Clear Choices

By Debra Levy

So, when Hurricane Isaias came through Virginia earlier this month, he deposited hundreds of gallons of water in my basement. His parting gift led me to venture out to my local hardware chain store in search of a generator that could power a wet vac, just in case the electricity went out.

I’ve been retail-deprived since the COVID crisis began, opting to do most necessary shopping beyond groceries online. So when I set foot into my neighborhood Lowes for the first time this year, the differences the pandemic had wrought were clear. Well, almost clear. I say this because just about everywhere I went in the store that required human interaction was protected by clear barriers. Whether you call them shields, sneeze guards, body guards or something else, they have become indispensable in retail and consumer environments.

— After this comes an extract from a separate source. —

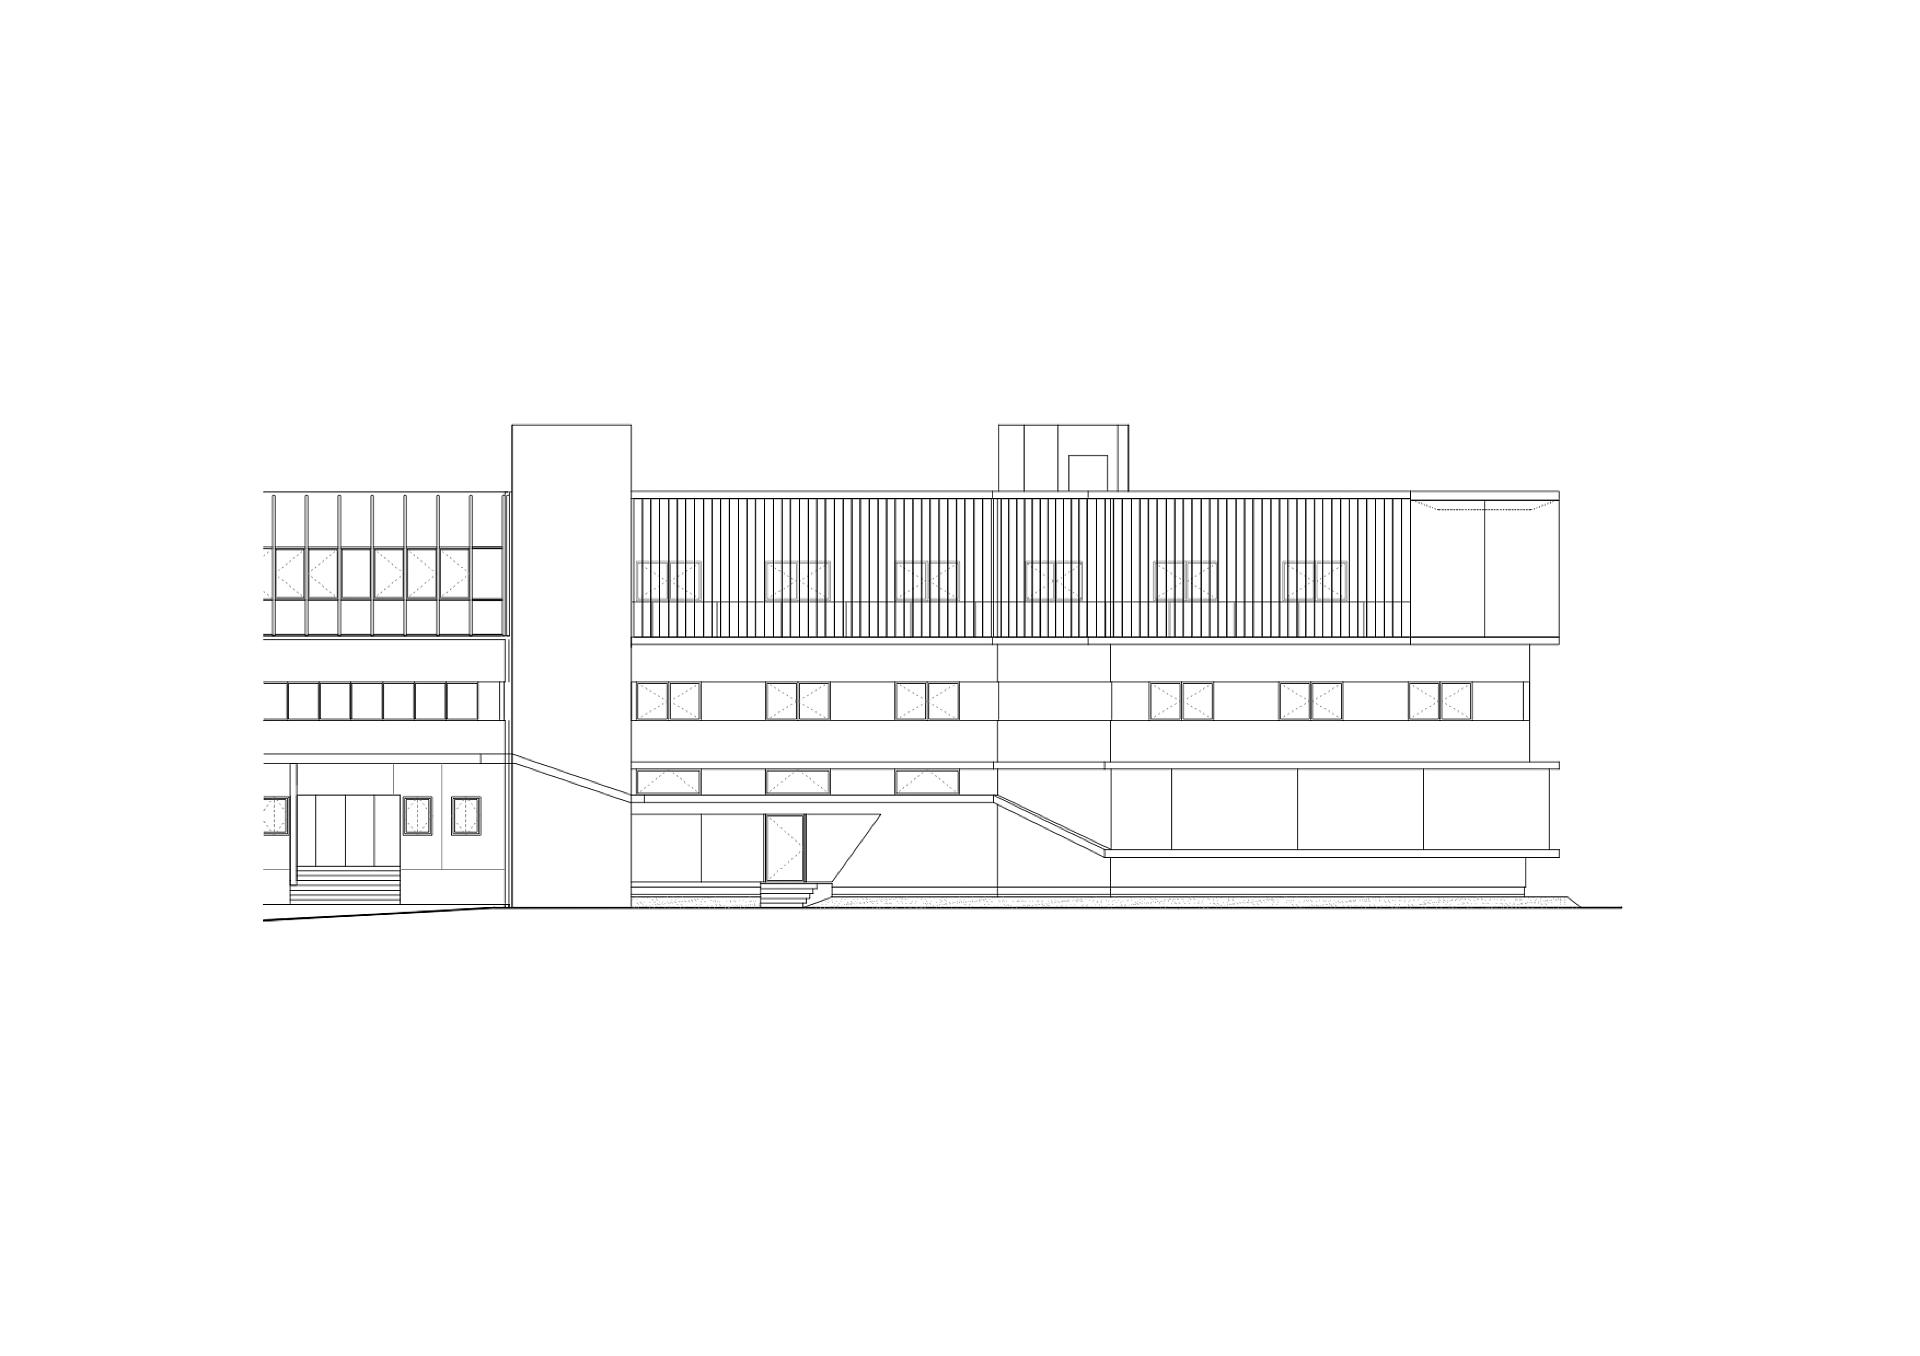 Studio DC10: Nuevas oficinas en el antiguo almacén SICAD en Uboldo, provincia de Varese

The condition of this one shocked me. I couldn’t tell what type of plastic (plexiglass, acrylic, etc.) it was, but it was scratched, cloudy and it didn’t look clean. And the sound of my voice bounced off it and reverberated right back toward me. I couldn’t see through it and could hardly hear the cashier. The panels at the other stations did not look much better.

Glass would have been a much better choice for the shield. Glass is much harder and generally more durable. It doesn’t yellow nor cloud up. Most importantly, it is easier to clean and keep clean.

Why all the plexiglass, acrylic and plastic? Well, it’s generally less expensive and was plentiful until the plexiglass shortage began. It was easy to get and could be installed by “handymen” who weren’t necessarily glaziers.

But its life span is much shorter than that of glass. The units I saw were most likely less than three months old and already at the end of their useful lives. Companies that replace these guards would be well served to sell their customers on glass rather than plastic at replacement time.

Until COVID, jobs like this were almost a nuisance. Shops did them, but their margins were low. Now it’s time to adapt. If retailers can do this work in bulk and couple it with ongoing inspection and replacement programs, they become worthwhile. Glass, it seems, continues to be integrally entwined with the pandemic crisis.